A sweet paradox
A frined of mine likes sweets. To be precise, he likes sweets of different tastes. Once he bought four sweets, two strawberry and two lemon.
- How many sweets will you eat? I asked.
- Just two. And I hope they are of different taste.
- Well, they may be, you know. If you are lucky.
- What do you mean?
- Well, if you pick two sweets at random there are 4 possible ways of doing it, and 2 of these have different tastes.

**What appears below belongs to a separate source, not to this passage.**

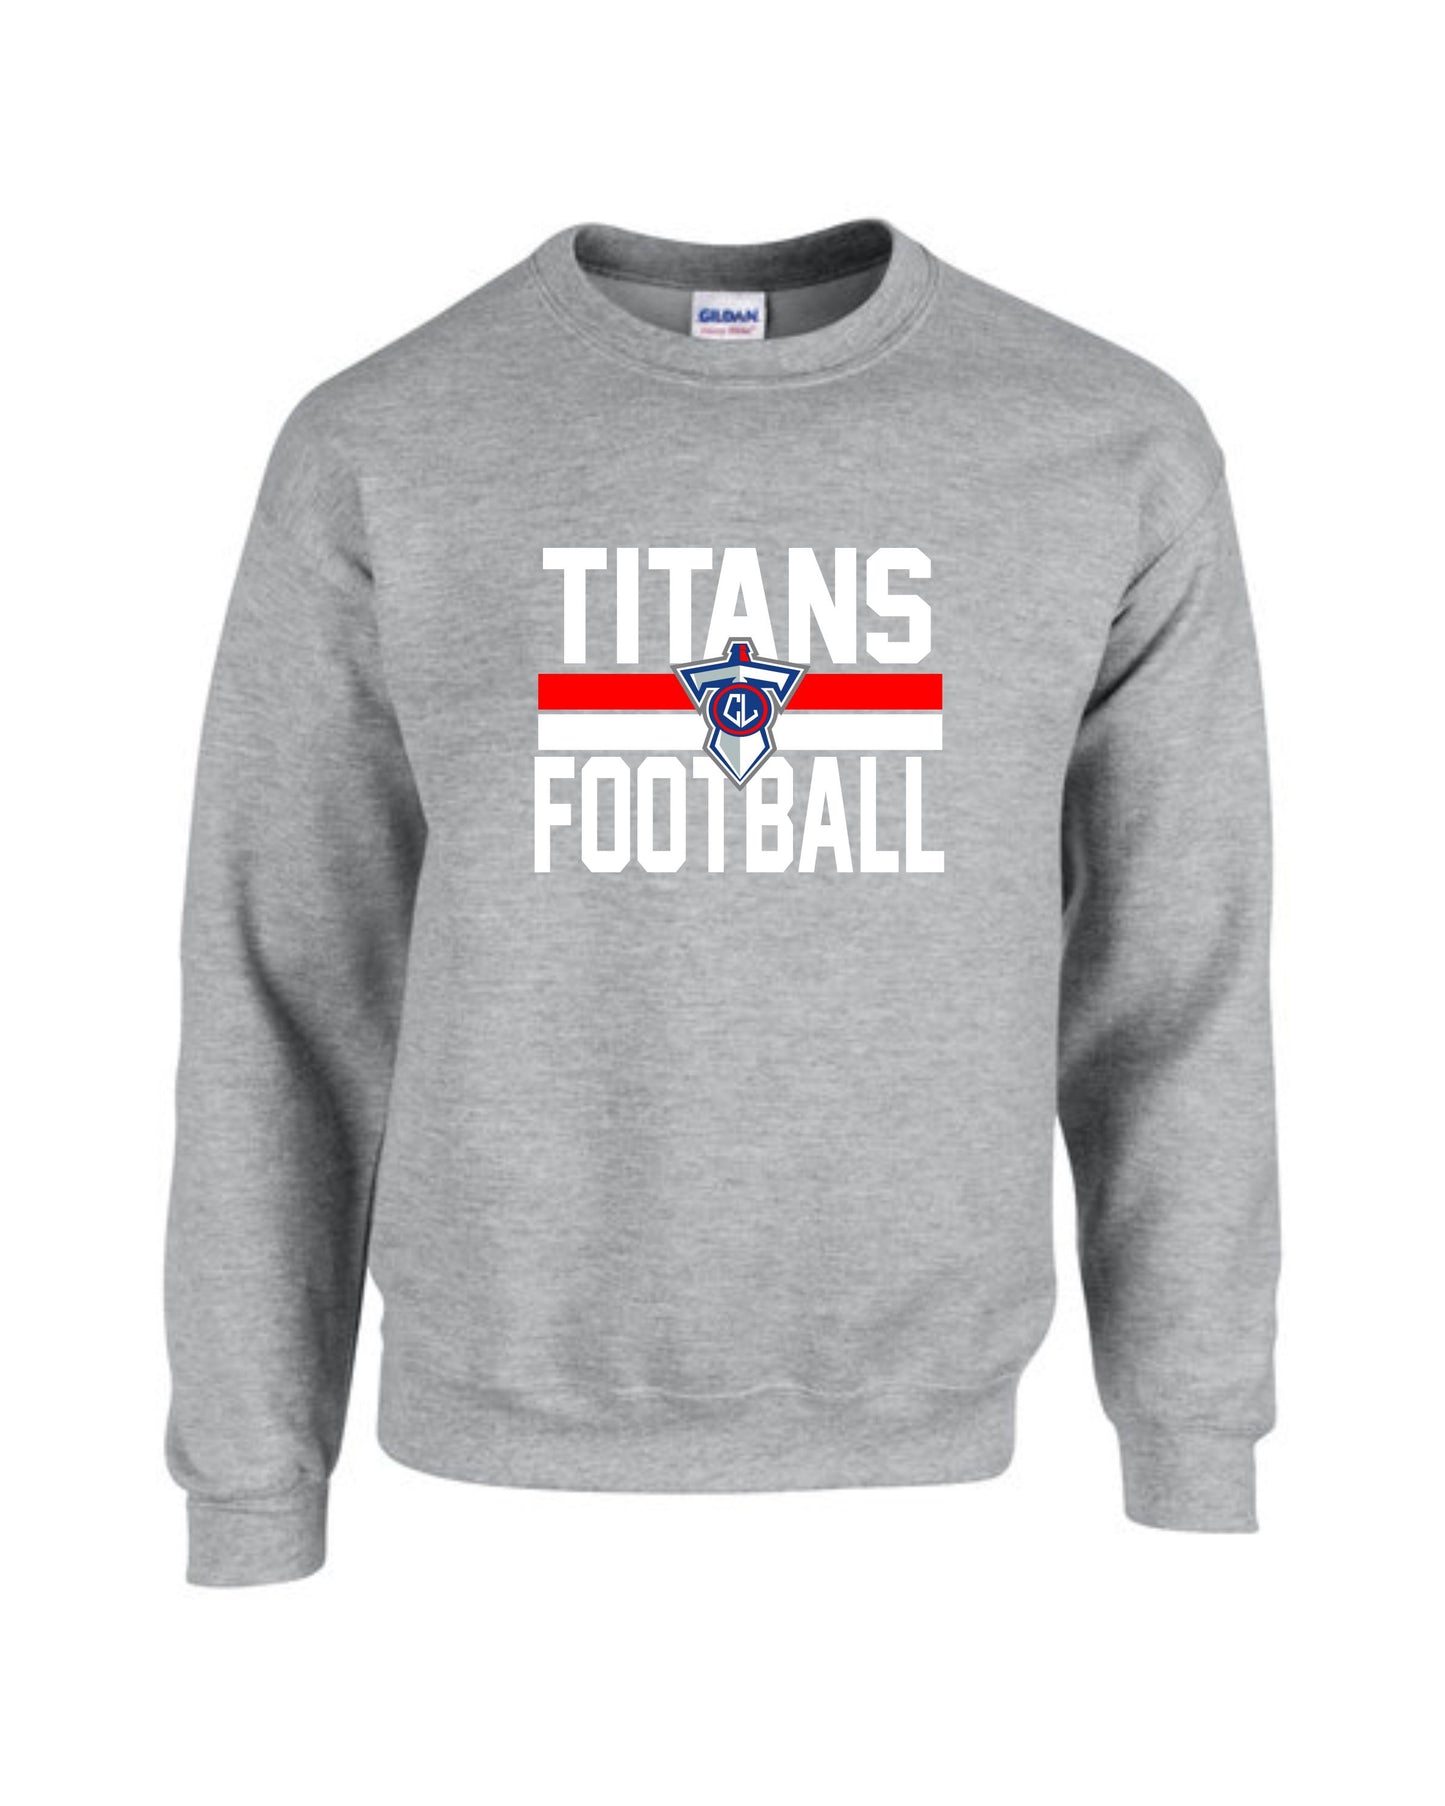 Titans Football Sword - Outerwear

- So you are saying that my chances are 1/2?
- Exactly.
- I have found a better way!
- Really?
- I eat one sweet, it doesn’t matter which.
- And then?
- Of the three remaining sweets 2 have a different taste than the first so my chances are 2/3 for getting two sweets of different taste.
- You must be a genius. I thought 1/2 was all you could hope for.

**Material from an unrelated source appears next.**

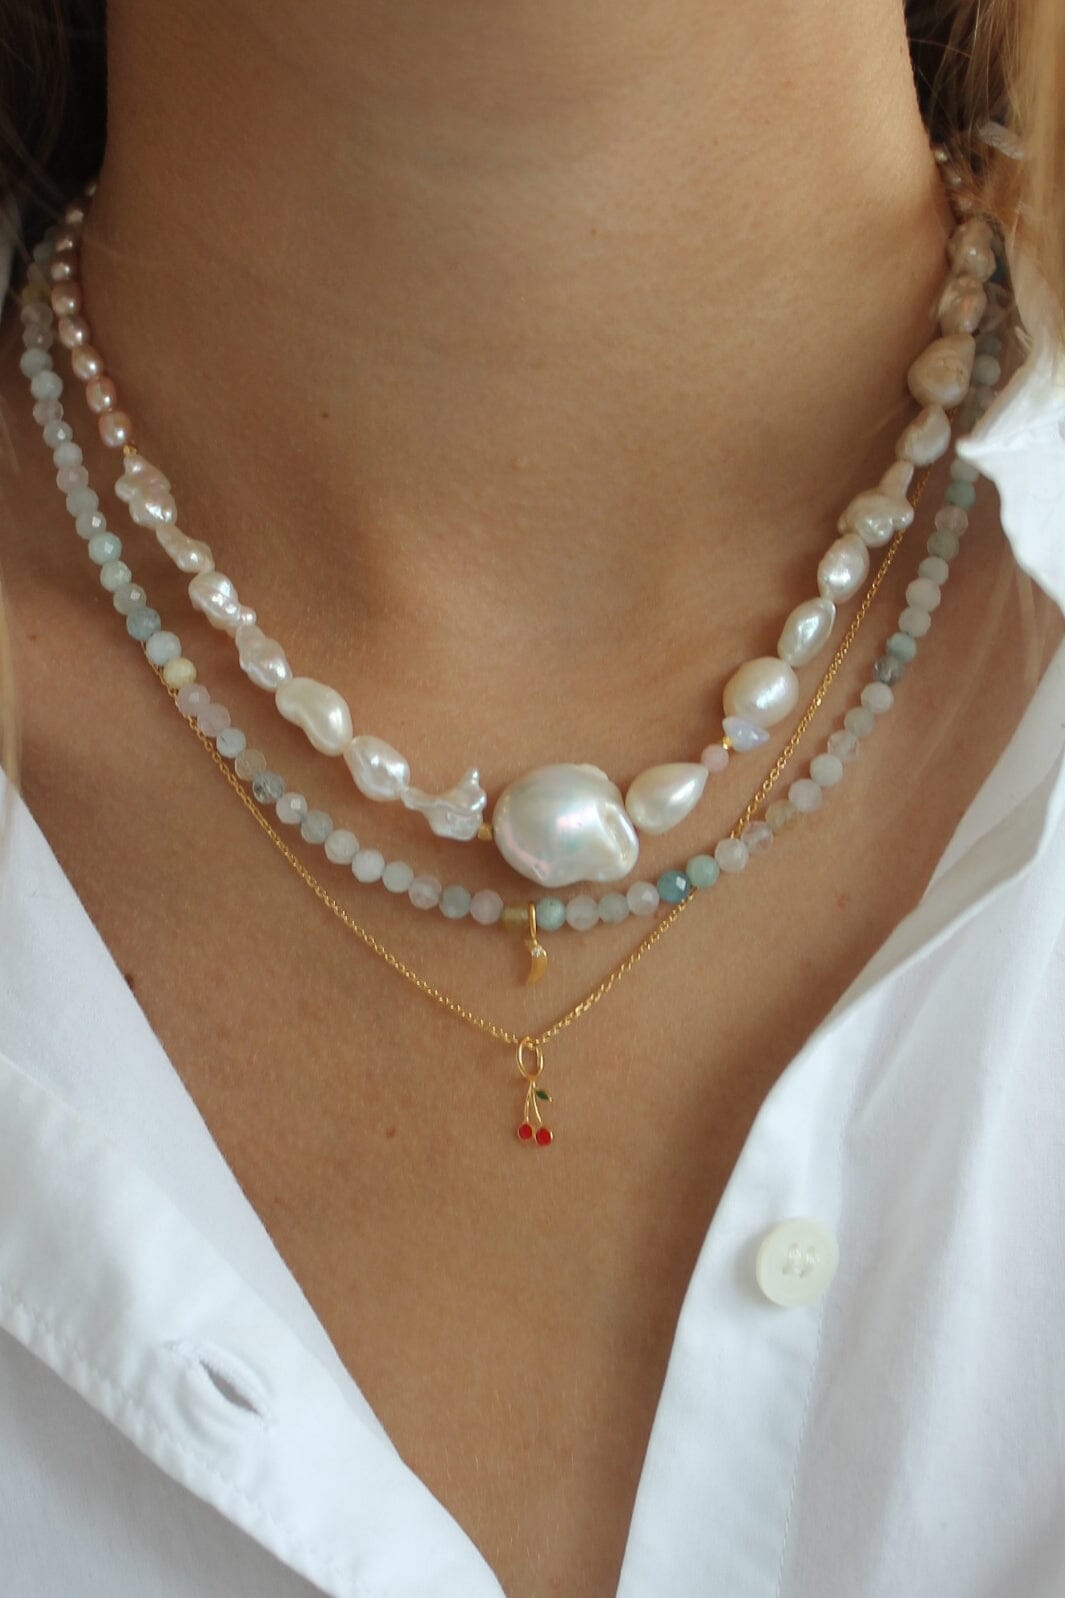 Stine A - Chunky Glamour Pearl Necklace - White & Rose - 2049-02-Os Halskæder

Problem source: Activa sus neurona by laberintos e infinitos.
April 30th, 2009 at 2:23 am
Not so. Here are two ways of finding the correct chance. Label the strawberry sweets s1, s2 and the lemon ones l1, l2.
1. Counting sequences
Count the possible sequences in which you could pick 2 sweets:
s1 s2
s1 l1 #
s1 l2 #
s2 s1
s2 l1 #
s2 l2 #
l1 s1 #
l1 s2 #
l1 l2
l2 s1 #
l2 s2 #
l2 l1
There are 12 sequences, all equally likely, and 8 of them (labelled #) yield 2 sweets of different flavours. Thus the chance that this happens is 2/3.
2. Counting combinations
Here we count merely the possibilities for which 2 sweets were picked, ignoring the order in which the sweets were drawn.
s1 s2
s1 l1#
s1 l2#
s2 l1#
s2 l2#
l1 l2
There are 6 combinations, all equally likely, and 4 of them (labelled #) yield 2 sweets of different flavours. Thus the chance that this happens is 2/3.